Nora Vasconcellos moved in 2012 to Los Angeles, to pursue a life of skateboarding. And not without success, as in 2017 she went Pro, joining the adidas Skateboarding roster as its first female Pro rider. Nora is frequently participating in the X Games and awards like Red Bull’s Solus Women’s Fan Favorite, but has at the same time a creative talent that should not be forgotten. Last October adidas Skateboarding announced Nora Vasconcellos’ first signature Pro footwear accompanied by an apparel pack, NORA by Nora Vasconcellos. Designed from Vasconcellos’ artistic lens, the capsule draws inspiration from adidas’ heritage tennis silhouettes to create distinctive pieces with modern updates and elevated skate performance features emphasizing style, durability, and inclusivity. Numéro had the honor to interview the skateboarder and artist. 

For the readers who might not know everything about you. How did your love for skateboarding start? And how did you get where you are today?

My love affair with skate began when I was watching the Nickelodeon show Rocket Power as a kid. I was inspired by the character Reggie Rocket and wanted to surf and skateboard as she did. I didn’t start skating seriously until middle school, around 2006. I grew up in southeastern Massachusetts so it wasn’t super accessible at first, but I started skating vertically in high school and just got really into it. After I graduated, I took a gap year and decided to move to California to take my love for skateboarding to the next level.

You are determined to show girls that they can also become part of the skate community. How do you want to be a role model for these girls?

I just want to be a role model for anyone who loves skateboarding and wants to be a part of the community. I want them to feel safe and inspired to be themselves. 

Currently, society is changing its overall opinions toward gender roles. Why do you think this is important and how do you want to convey your message about this issue?

My thoughts go back to skateboarding here. I just think it is so expressive and healing and can give people confidence and solace. Personally, skateboarding is what gave me strength as a young girl to stand up for myself. I gained confidence and new friendships that really helped me navigate different times in my life.

You’ve always had an interest in art and illustrating, from customizing your clothes to illustrating your skateboard decks. And you’re currently busy on a collaboration with adidas Skateboarding. What is your overall inspiration for the work you make? What shapes your creative vision?

I draw inspiration from pretty much anywhere and everywhere—there isn’t a specific place. I love seeing what other artists create and how easy it is to get lost while painting or drawing. Art really keeps me present and relaxed. It can be a needed break from skating and is certainly softer on the body. When I’m injured, art really helps me heal and make time for myself. 

How does the collaboration with adidas Skateboarding go into work? Could you maybe tell me more about the process, like how did you start designing and how did adidas pick it up?

It’s wild! I almost didn’t know where to start when designing this collection. In general, I like looking at the brand’s archives and seeing shoes and products that have heritage and tell a story. My ultimate goal was to make a sneaker that was like a court shoe I would have found in my mom’s closet. Something classic, but timeless…

Do you think the skate world changed positively compared to ever since you started skating? And how?
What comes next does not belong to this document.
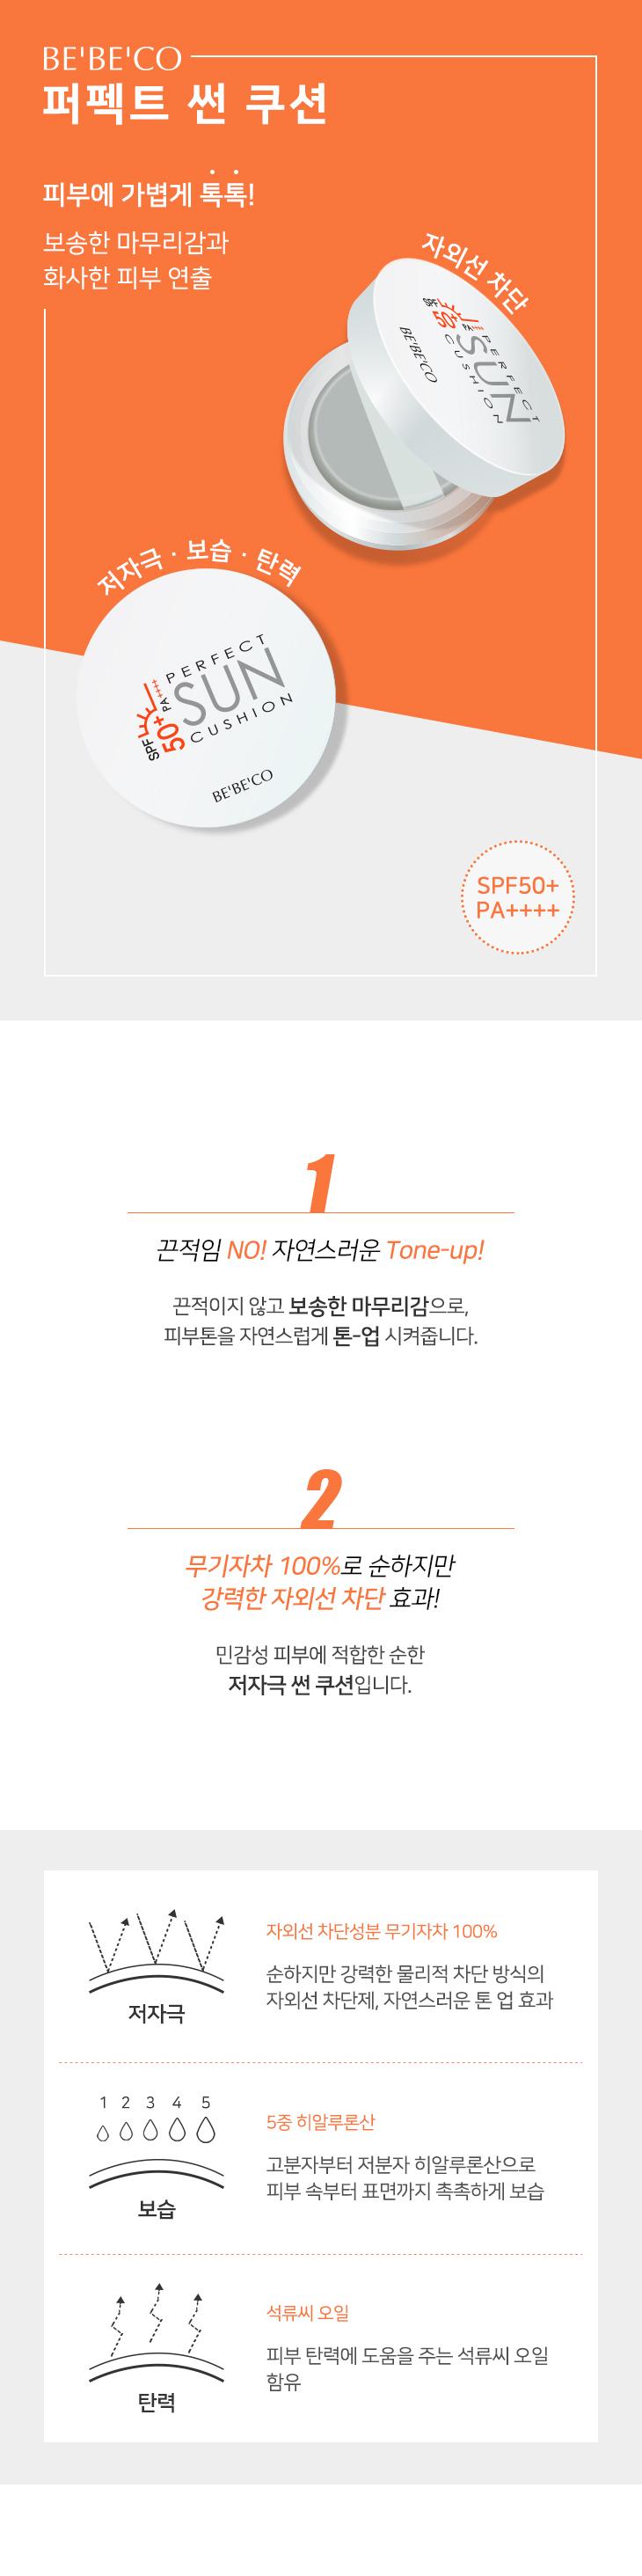 1+1 베베코 퍼펙트 썬쿠션 - 베베코, 16,000원, 선케어, 선스프레이/쿠션

Completely! I think all around that skate has become more inclusive. It’s a much better space now with room for everyone, in my opinion. I know I’ve personally experienced so much more inclusion and now being Pro, it’s just natural. 
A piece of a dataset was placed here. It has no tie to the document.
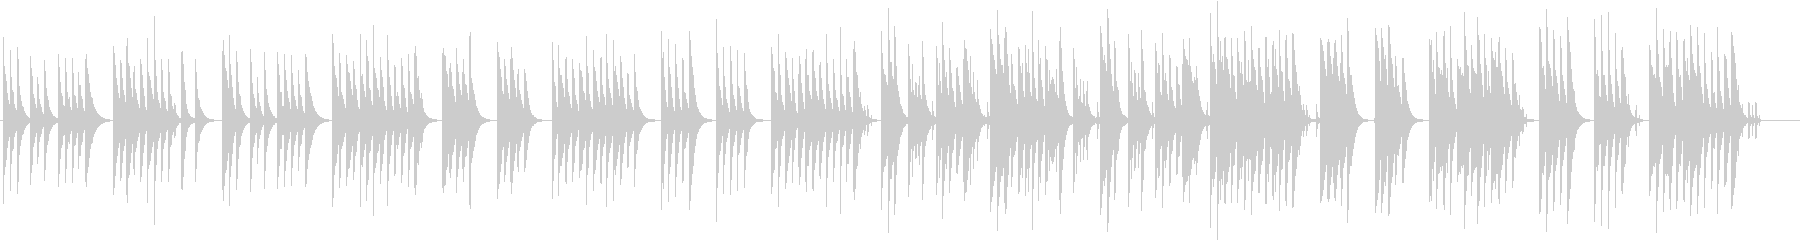 木琴の音が特徴のほのぼのとしたかわいい曲の未再生の波形

I read that you are/were dealing with a panic disorder. Could you maybe share how you’re dealing with this during everything you do and why it’s important to talk about mental health?

If you dream big, what do you want to accomplish in the future?
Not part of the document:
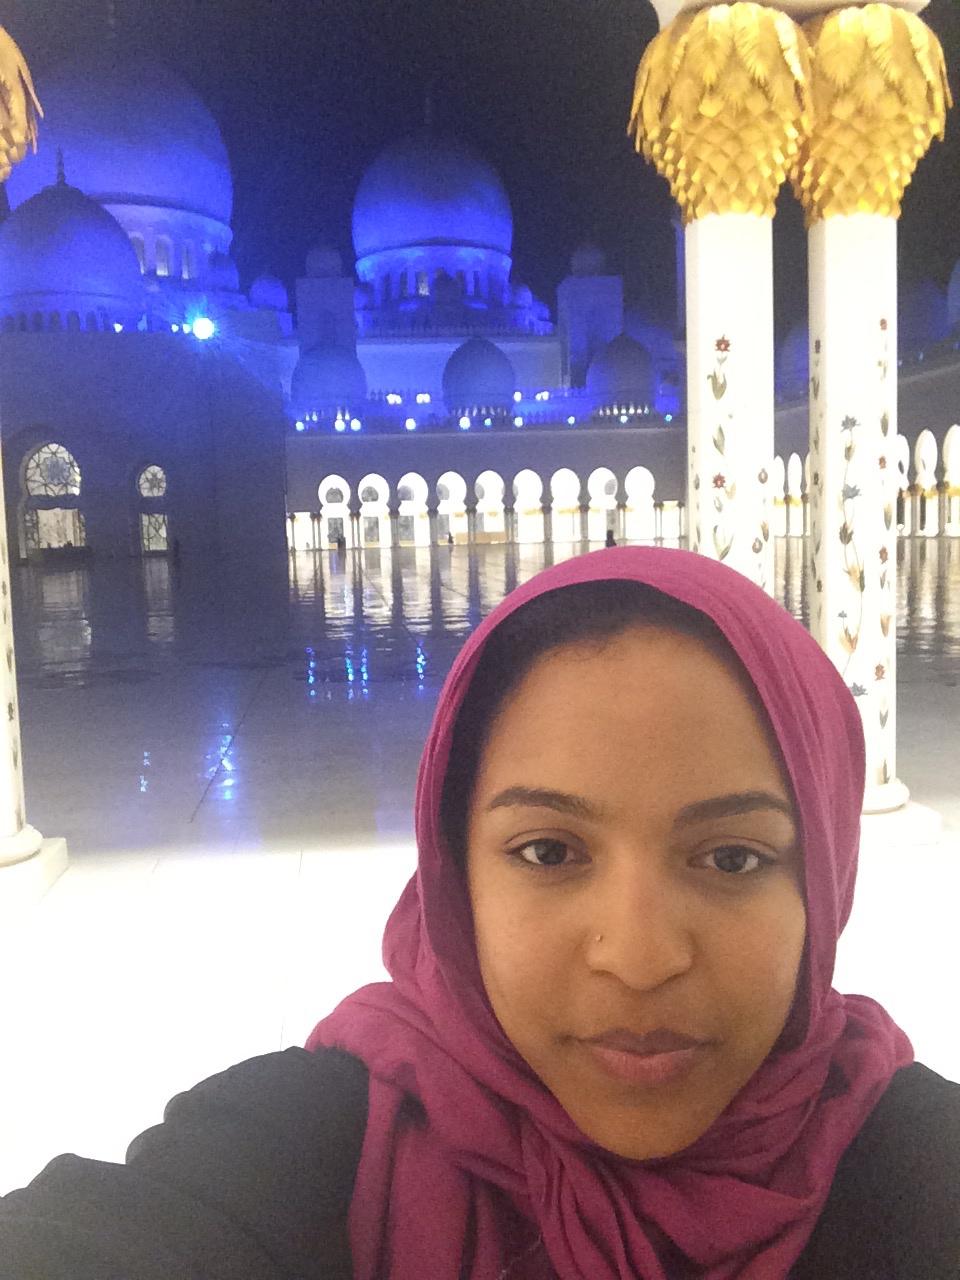 Mosque selfie

Yes, I had an undiagnosed panic disorder and general anxiety until my early 20s. Learning how to cope with therapy and meditation has really eased my anxiety and I just feel so much more in control these days. Acknowledging it and asking for help is the best way to start, and it gets easier and easier from there. I hope that I can inspire people to be honest about how they feel and to know it’s ok to ask for help.

What advice would you give to younger kids, who don’t feel welcomed in their sports and other interests?

Just to know that they belong and to trust the process. Don’t be afraid of new people and experiences!